# Given information:
= = = = =

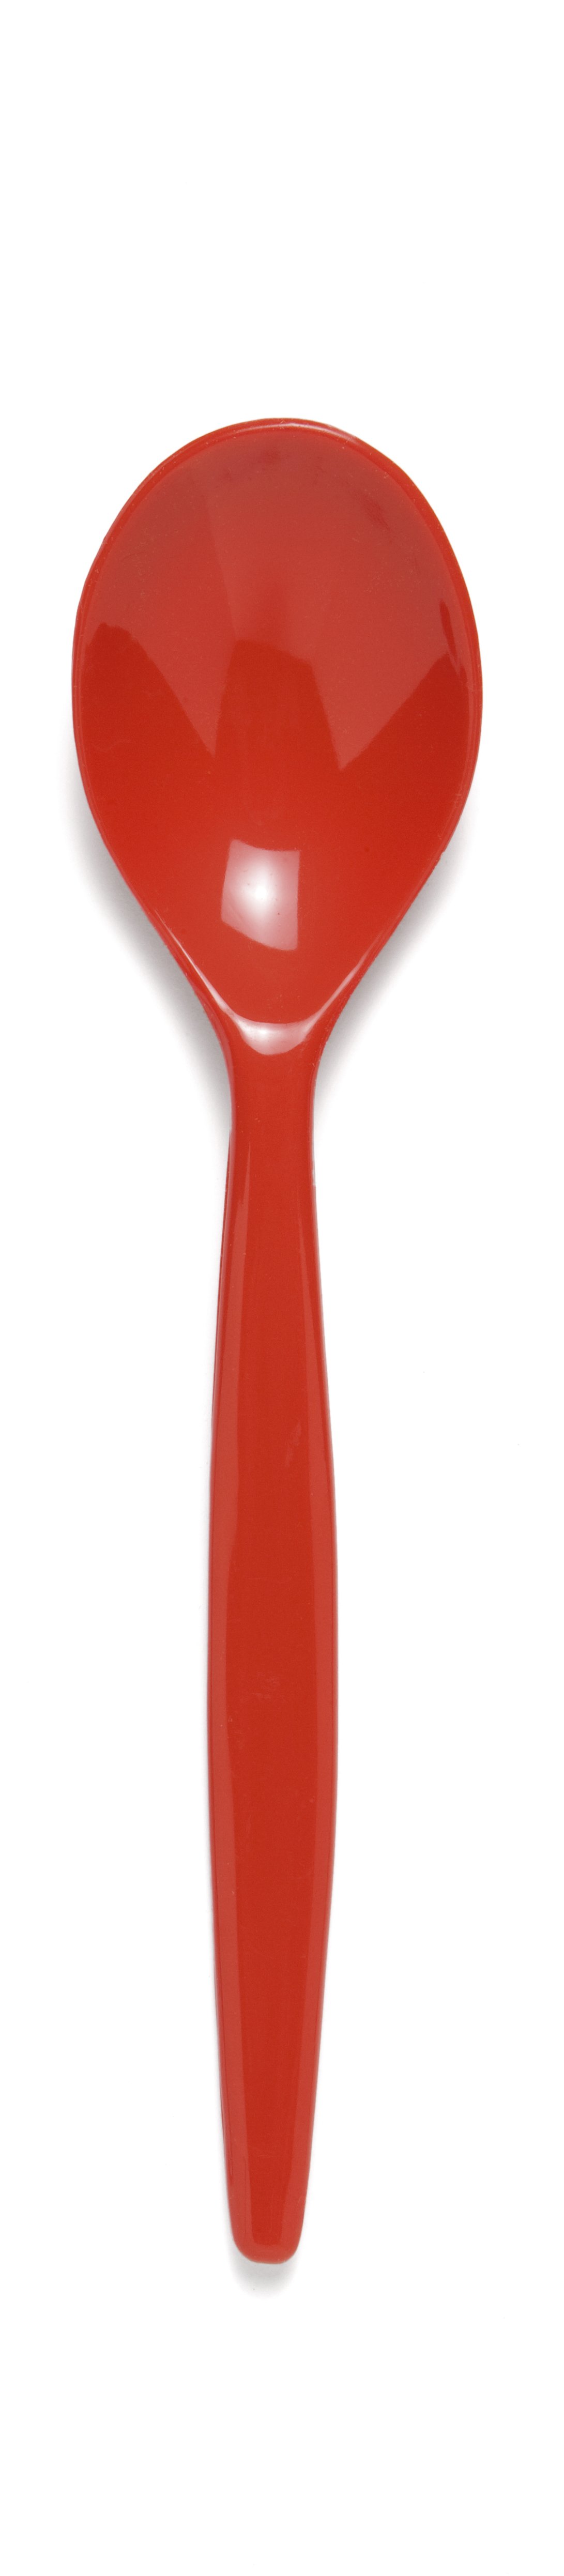 Dessert Spoon Polycarbonate Red
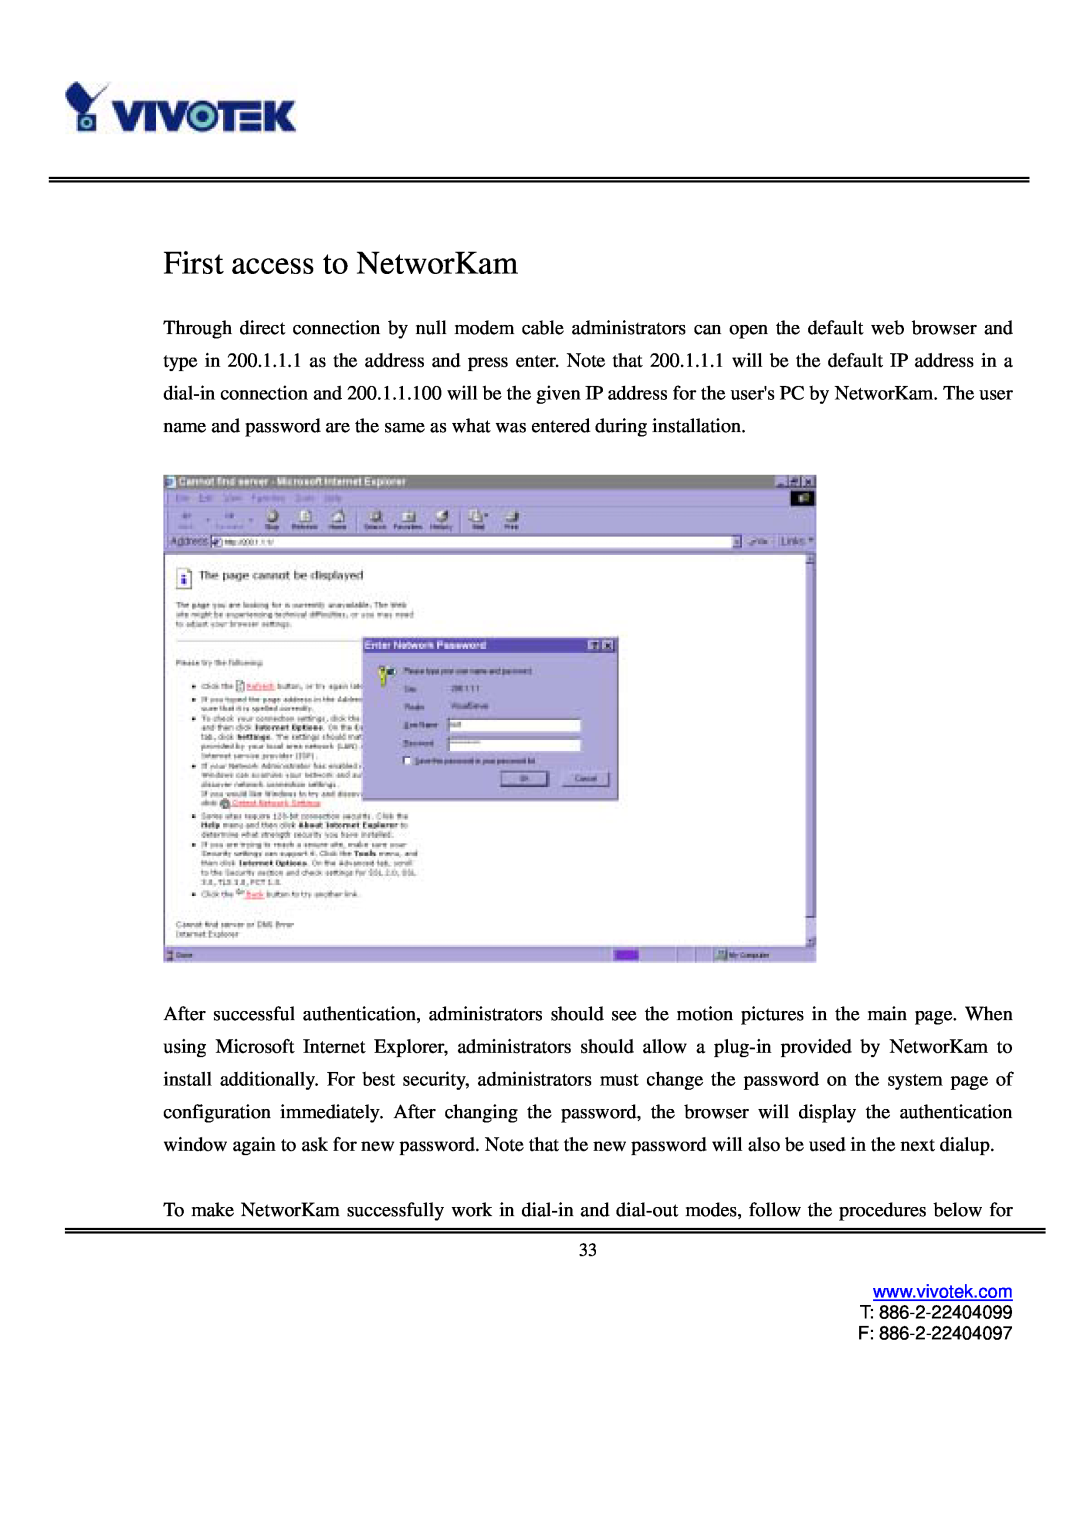 Vivotek IP3111/IP3121 user manual First access to NetworKam 
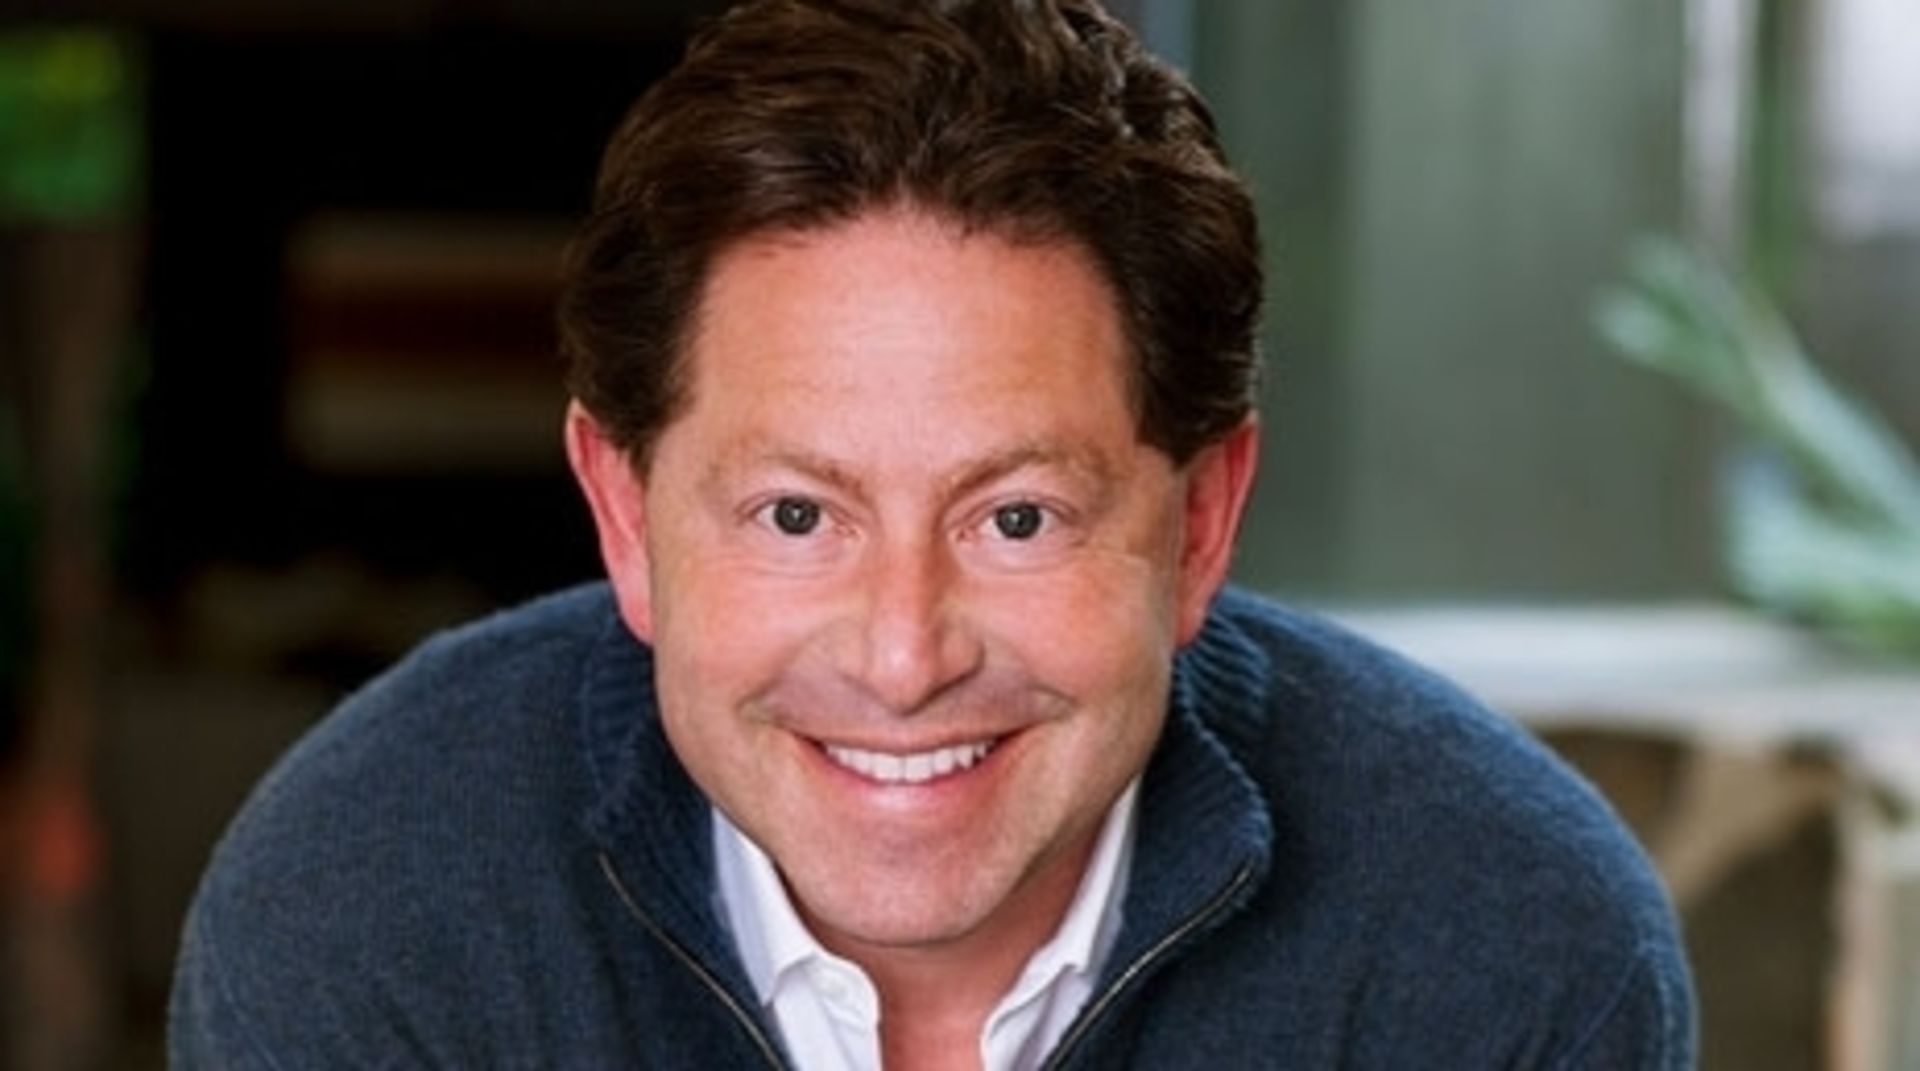 Bobby Kotick will remain as Activision Blizzard CEO after Microsoft  acquisition

= = = = =

# Try it:
Copy the material exactly. Do not include the pictures.

# Solution for this exercise:
 Dessert Spoon Polycarbonate Red
 Vivotek IP3111/IP3121 user manual First access to NetworKam 
 Bobby Kotick will remain as Activision Blizzard CEO after Microsoft  acquisition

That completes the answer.